§ RECORDS SUPPLIED:
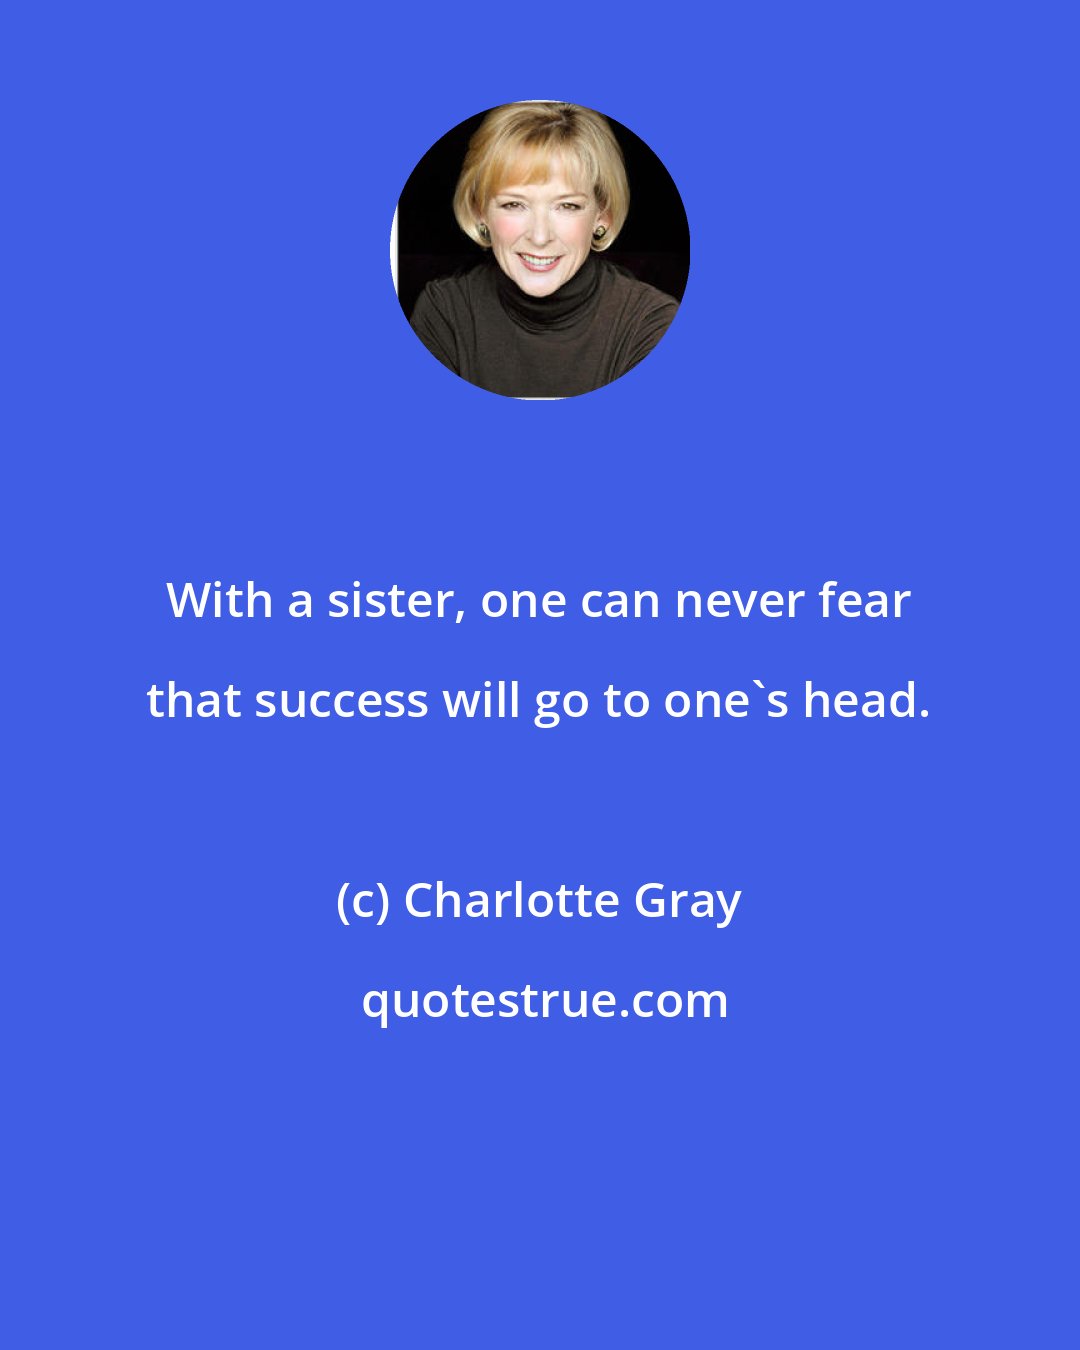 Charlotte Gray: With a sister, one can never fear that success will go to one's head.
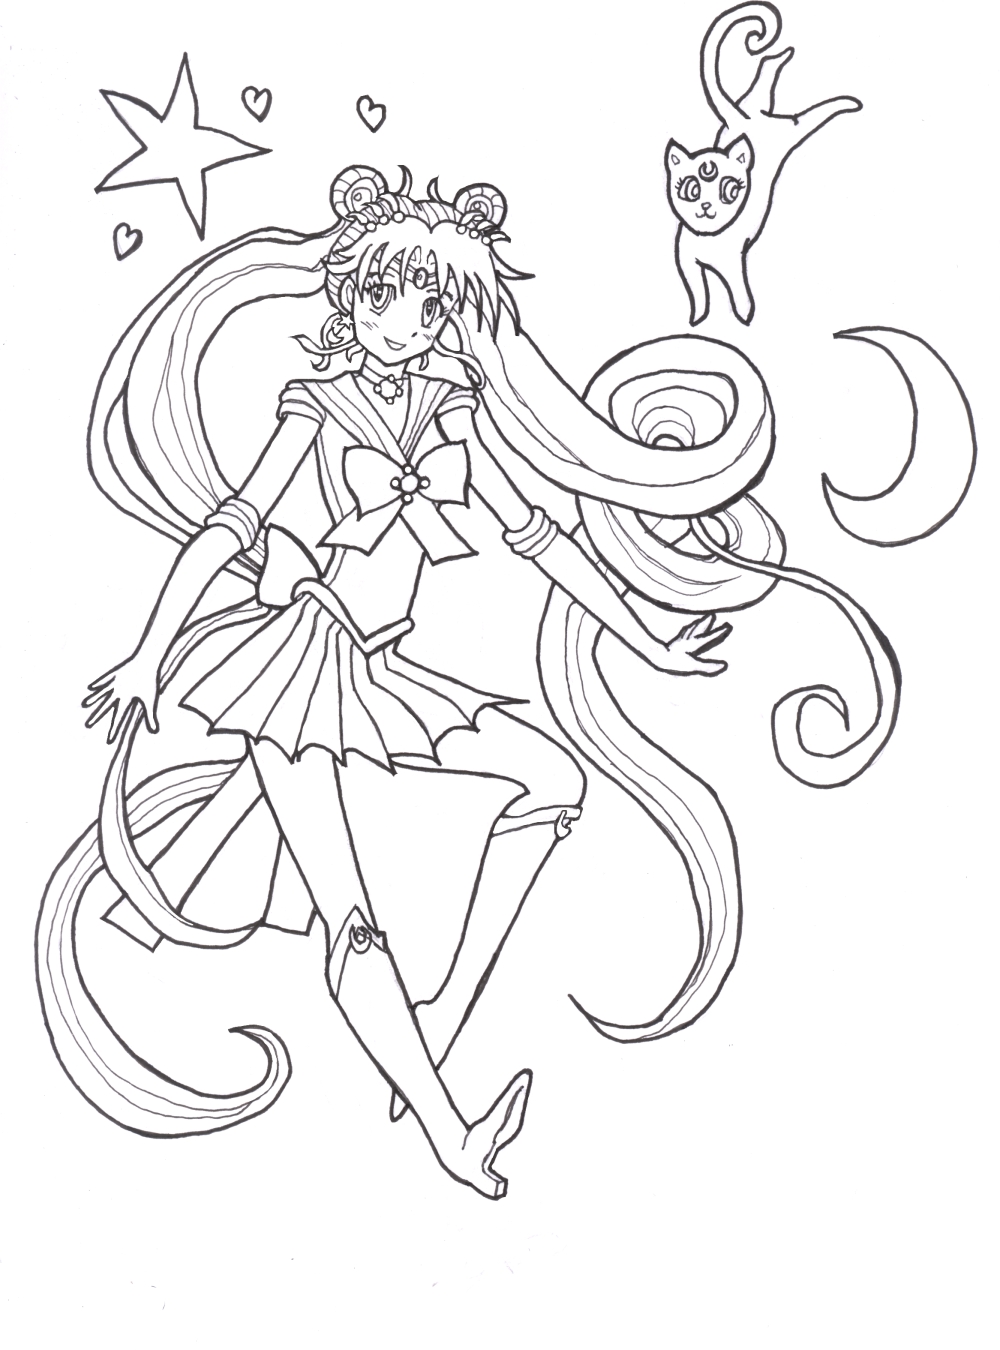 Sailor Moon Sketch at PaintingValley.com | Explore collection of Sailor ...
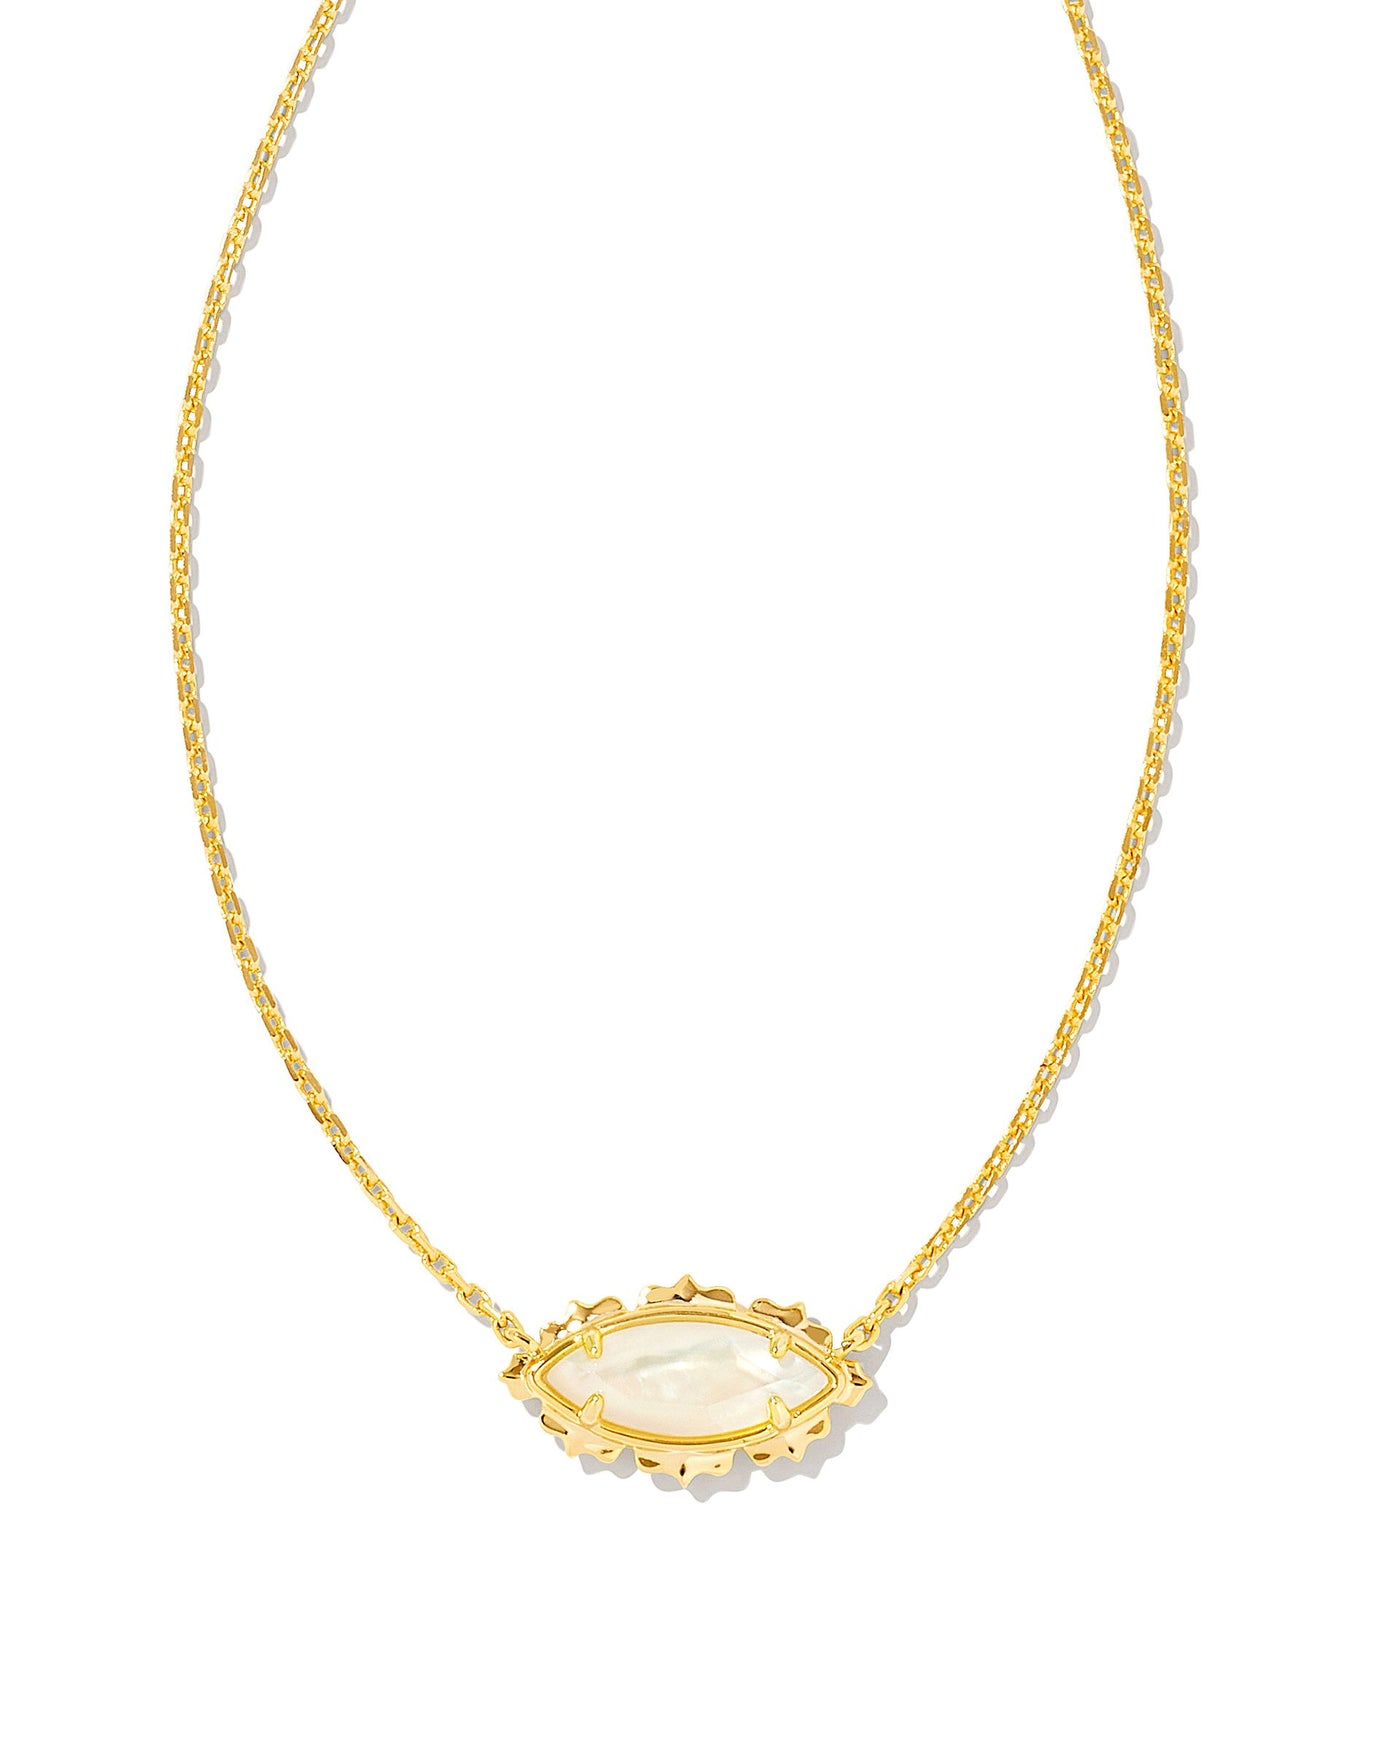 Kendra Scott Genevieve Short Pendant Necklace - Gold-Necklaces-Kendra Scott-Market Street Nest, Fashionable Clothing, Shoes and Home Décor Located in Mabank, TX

--

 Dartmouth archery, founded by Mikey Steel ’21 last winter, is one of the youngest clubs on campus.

§ GOAL OF THE EXERCISE: Within the entries above, give again exactly the lines starting at the one that contains "Sailor Moon Sketch" and ending at the one that contains "Kendra Scott Genevieve", leaving out the pictures.

§ EXPECTED ANSWER:
 Sailor Moon Sketch at PaintingValley.com | Explore collection of Sailor ...
 Kendra Scott Genevieve Short Pendant Necklace - Gold-Necklaces-Kendra Scott-Market Street Nest, Fashionable Clothing, Shoes and Home Décor Located in Mabank, TX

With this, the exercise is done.